Segment Start: DATA BLOCK

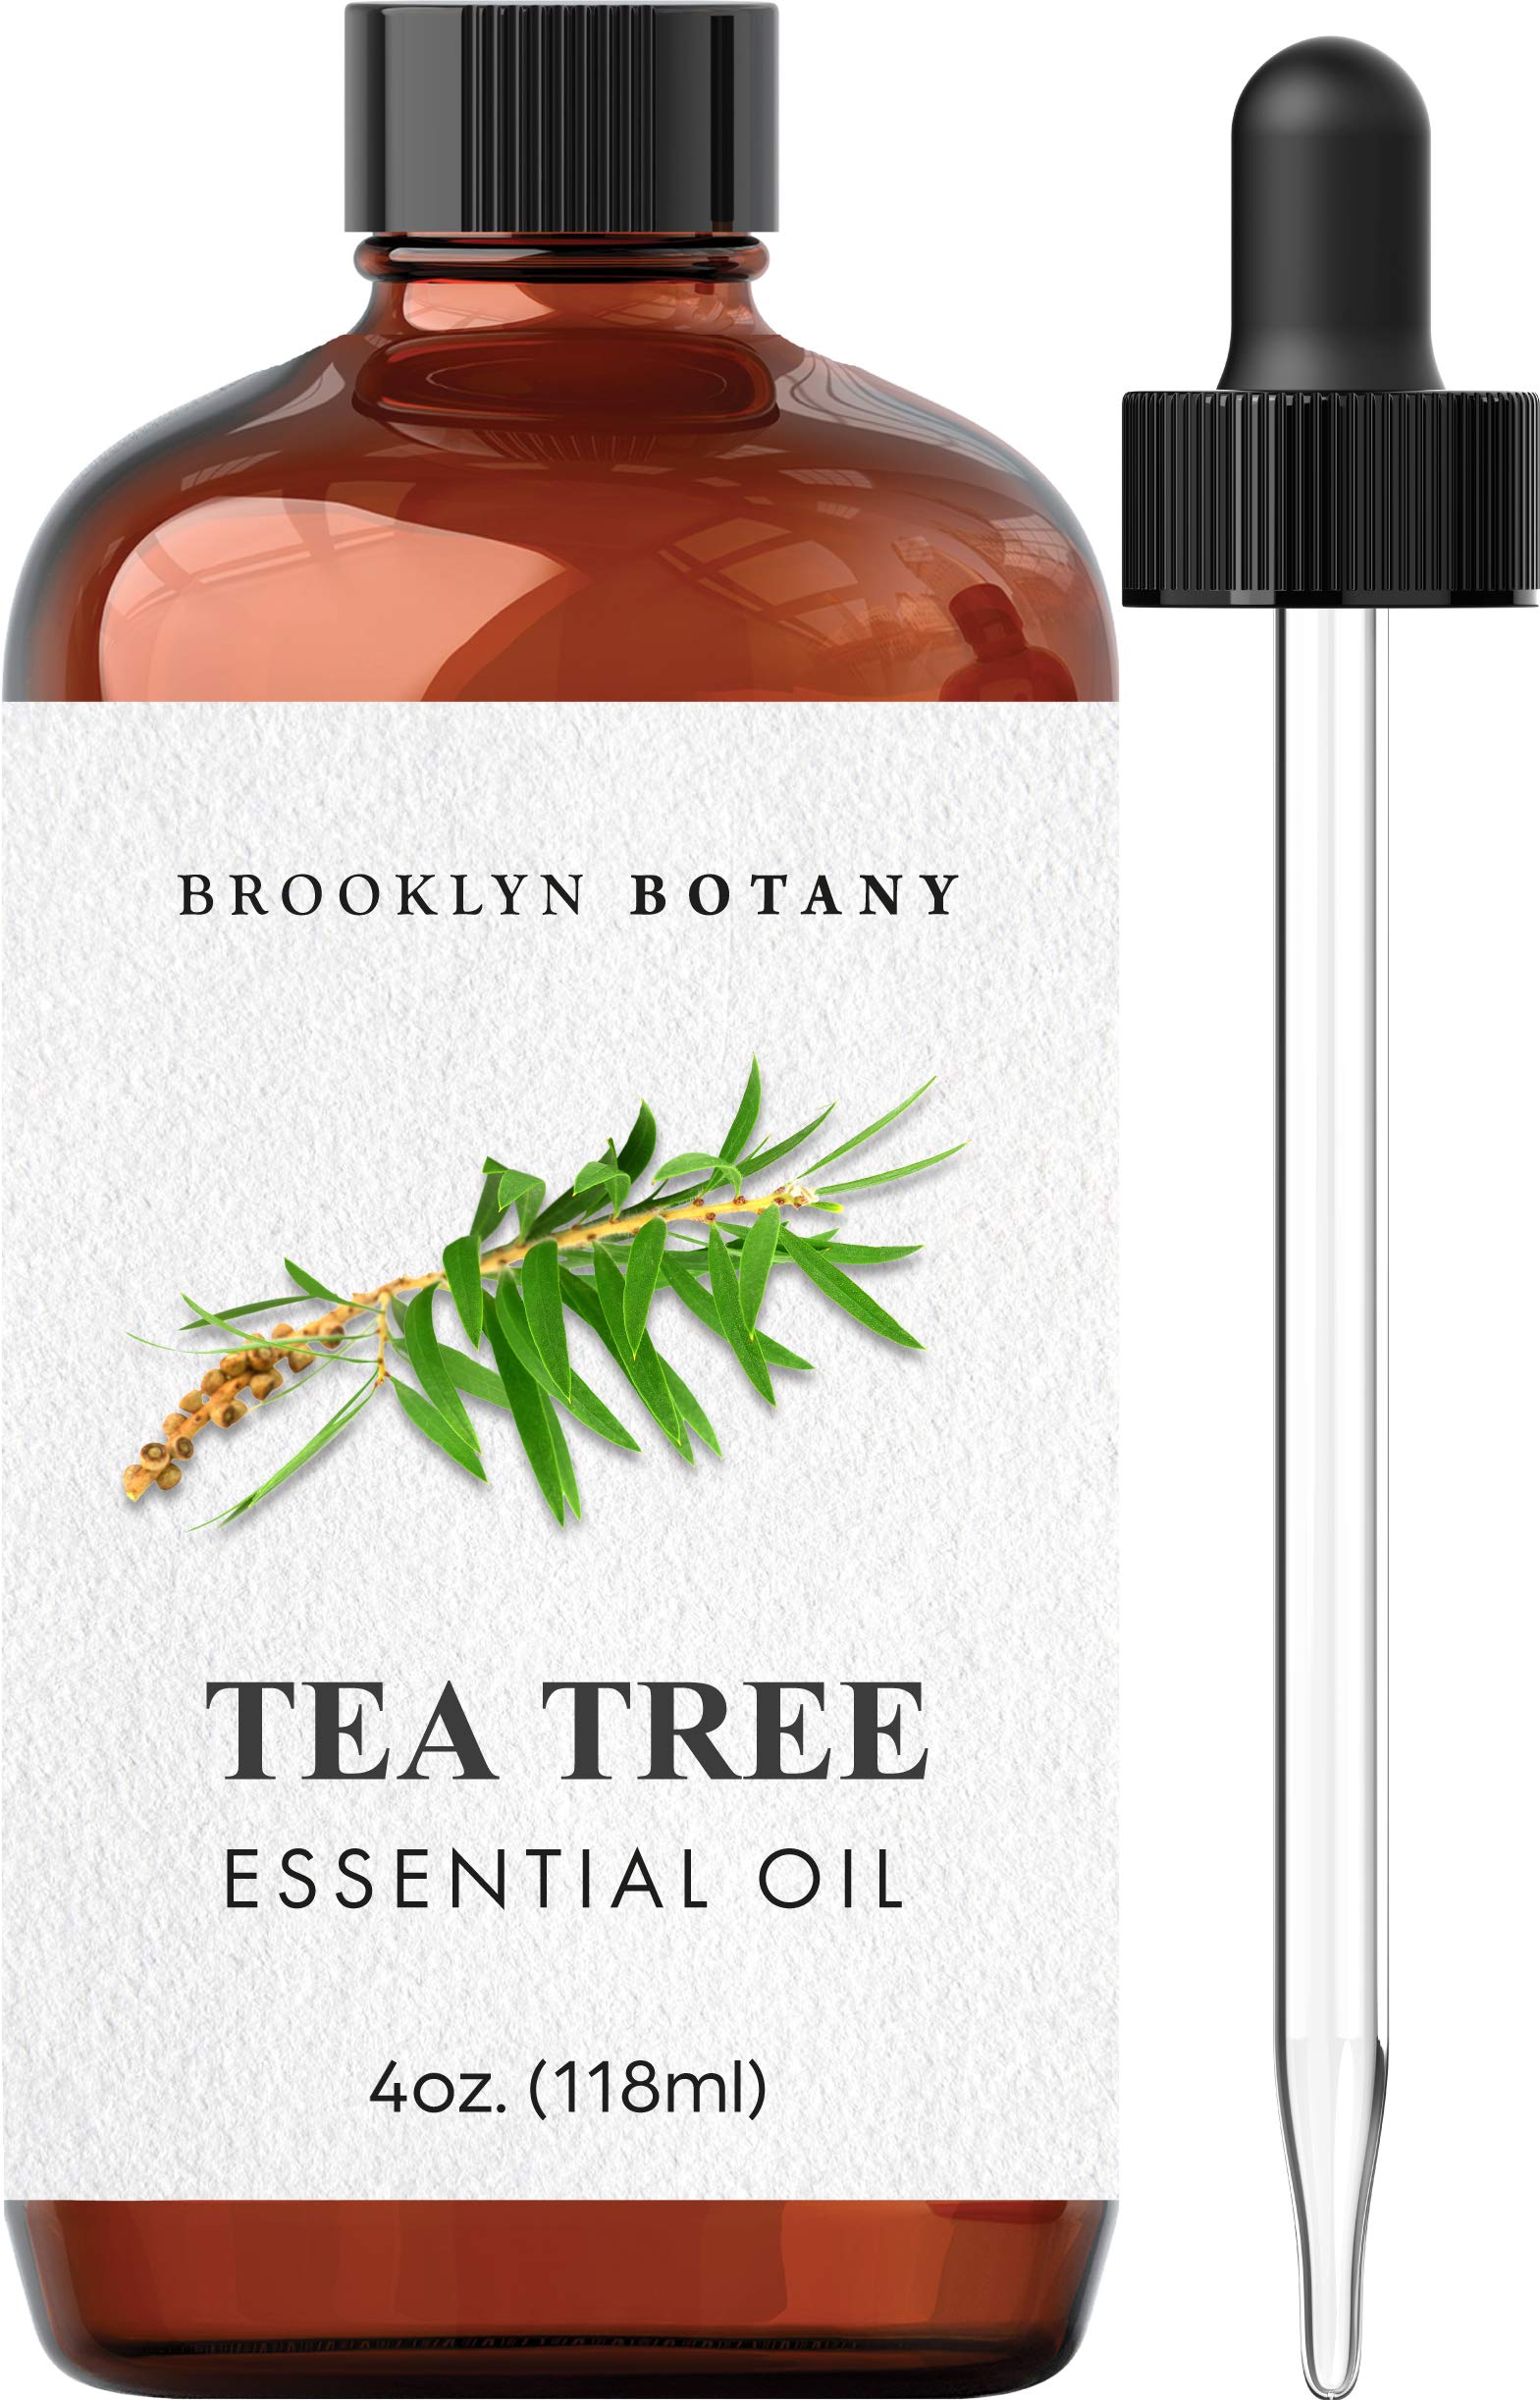 Brooklyn Botany Tea Tree Essential Oil & Lemongrass Essential Oil Set – 100% Pure & Natural – 4 Fl Oz Therapeutic Grade Essential Oil with Glass Dropper - Essential Oil for Aromatherapy and Diffuser
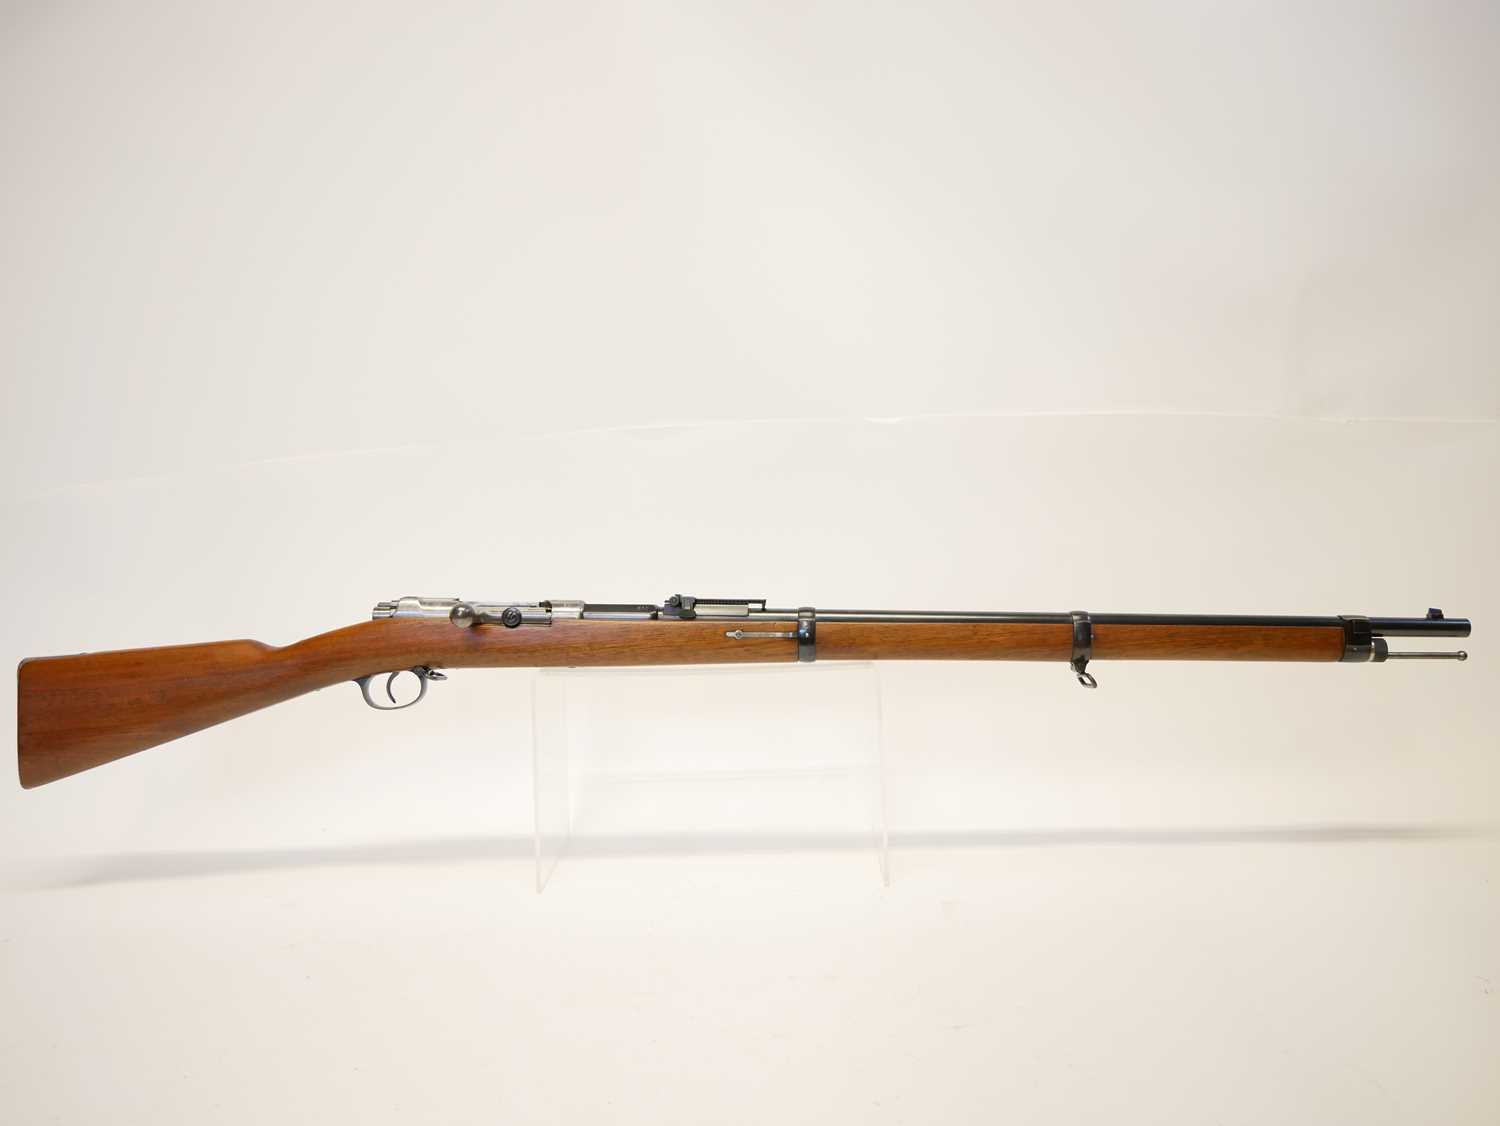 Mauser M1871/84 bolt action rifle 11 x 60R / .43 calibre, matching serial numbers 6701, 30.5" barrel - Image 2 of 20
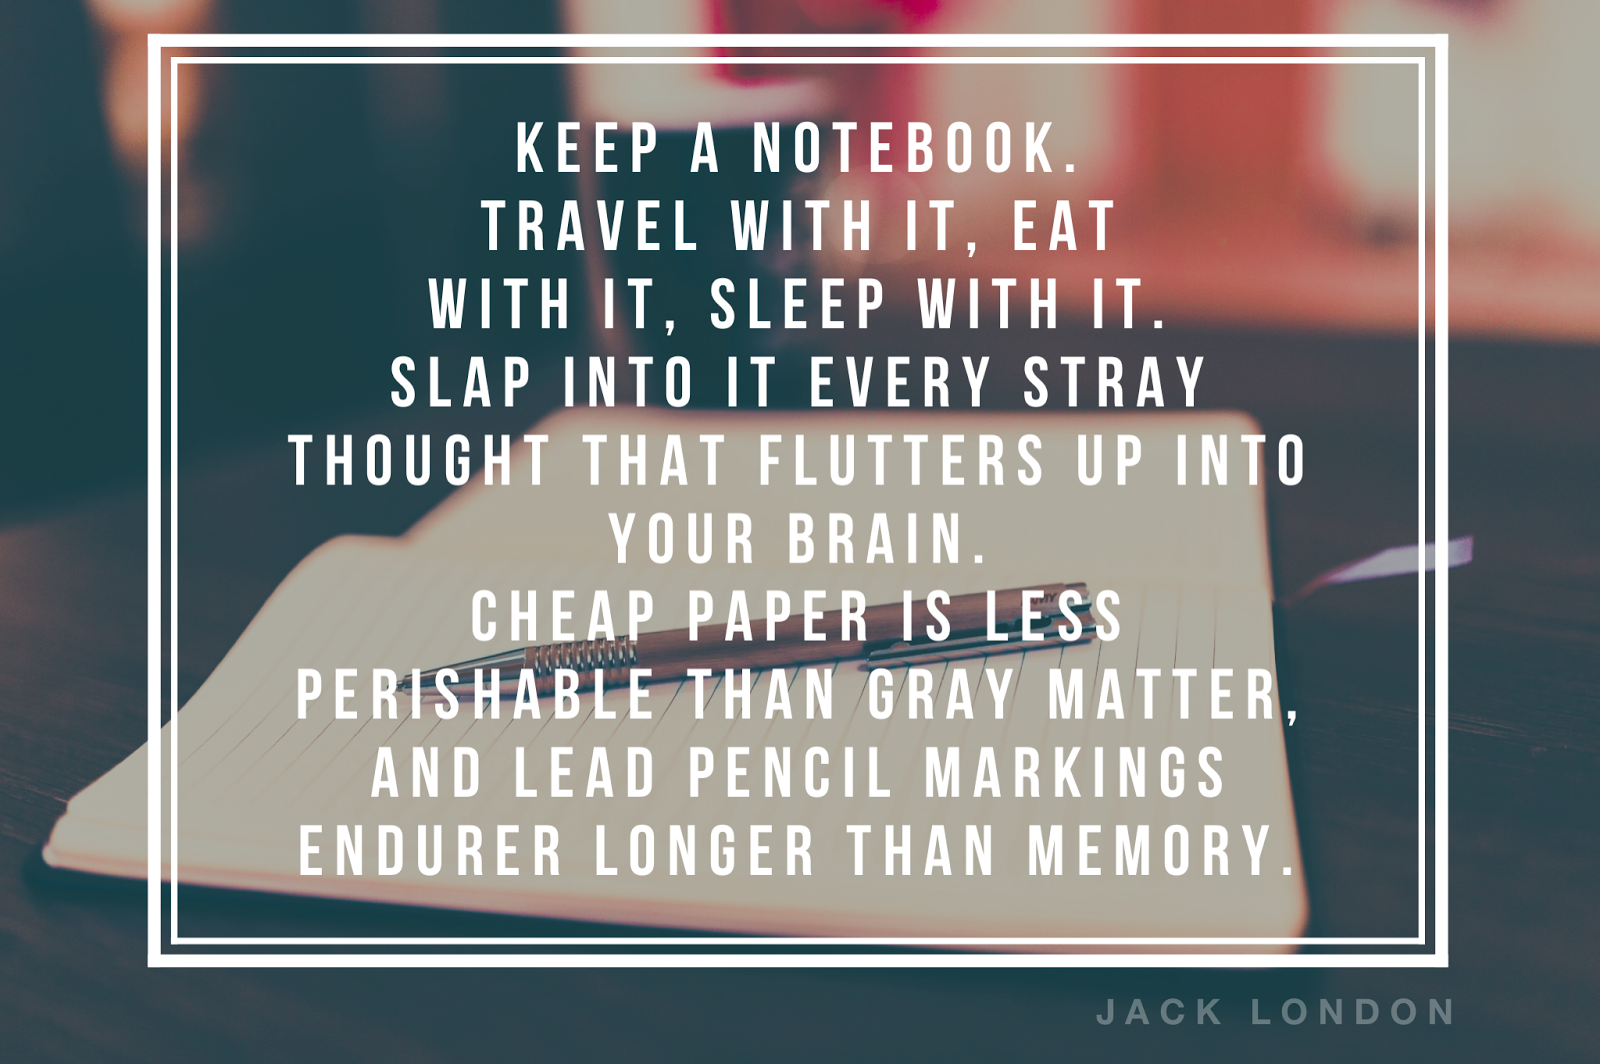 jack london notebook quote
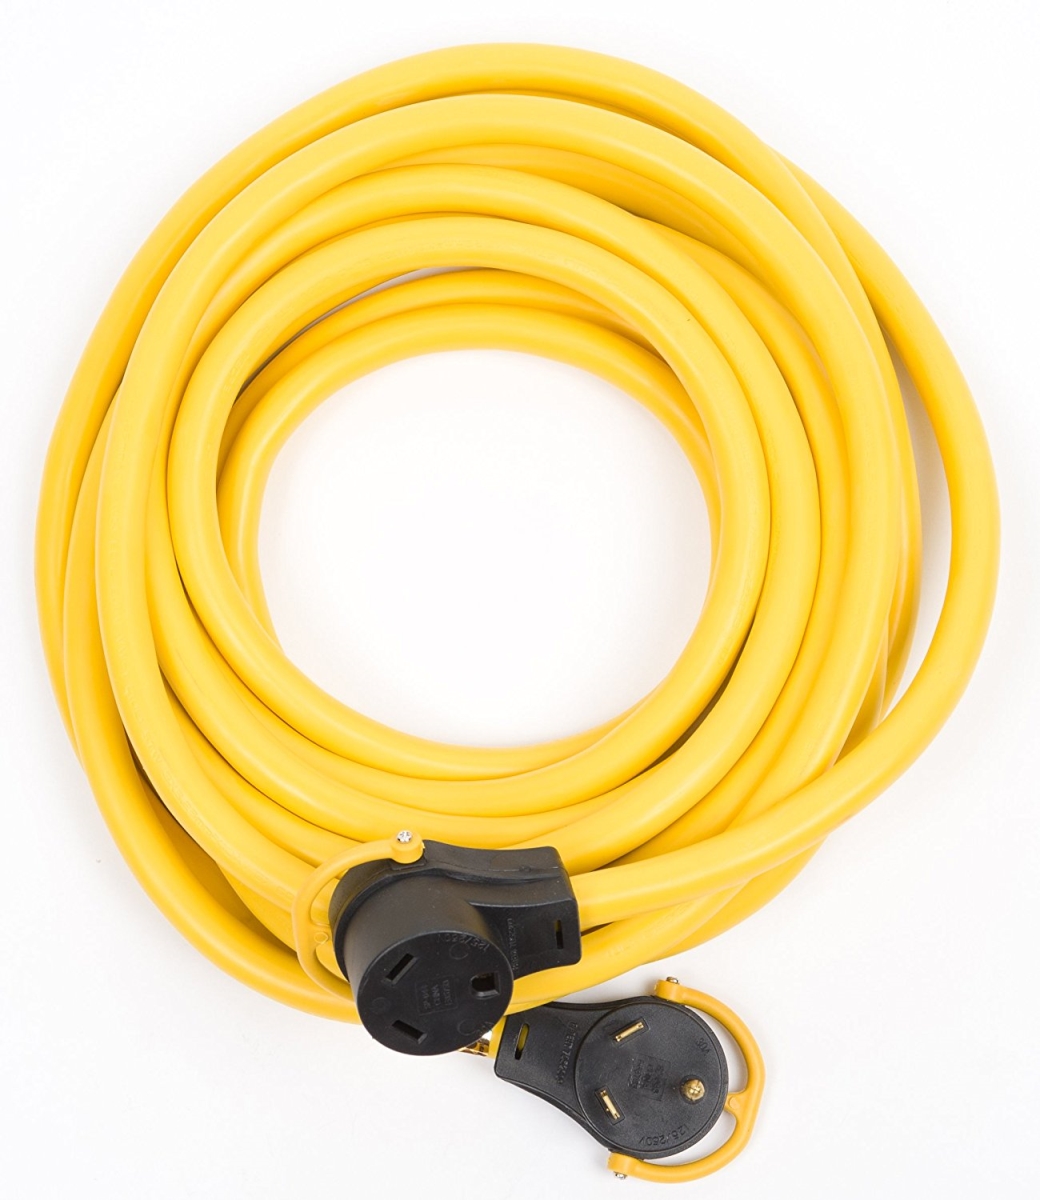 Picture of Arcon ARC-11533 25 ft. 30 A Extension Cord with Handle

Segment End: DATA BLOCK

• _ACTIVITY_:
Precisely the lines from the one containing "Mauser M1871/84 bolt" to the end of the data above, both included, should be printed; leave the pictures out.

• _RESPONSE TO THE EXERCISE_:
 Mauser M1871/84 bolt action rifle 11 x 60R / .43 calibre, matching serial numbers 6701, 30.5" barrel - Image 2 of 20
 jack london notebook quote
 Picture of Arcon ARC-11533 25 ft. 30 A Extension Cord with Handle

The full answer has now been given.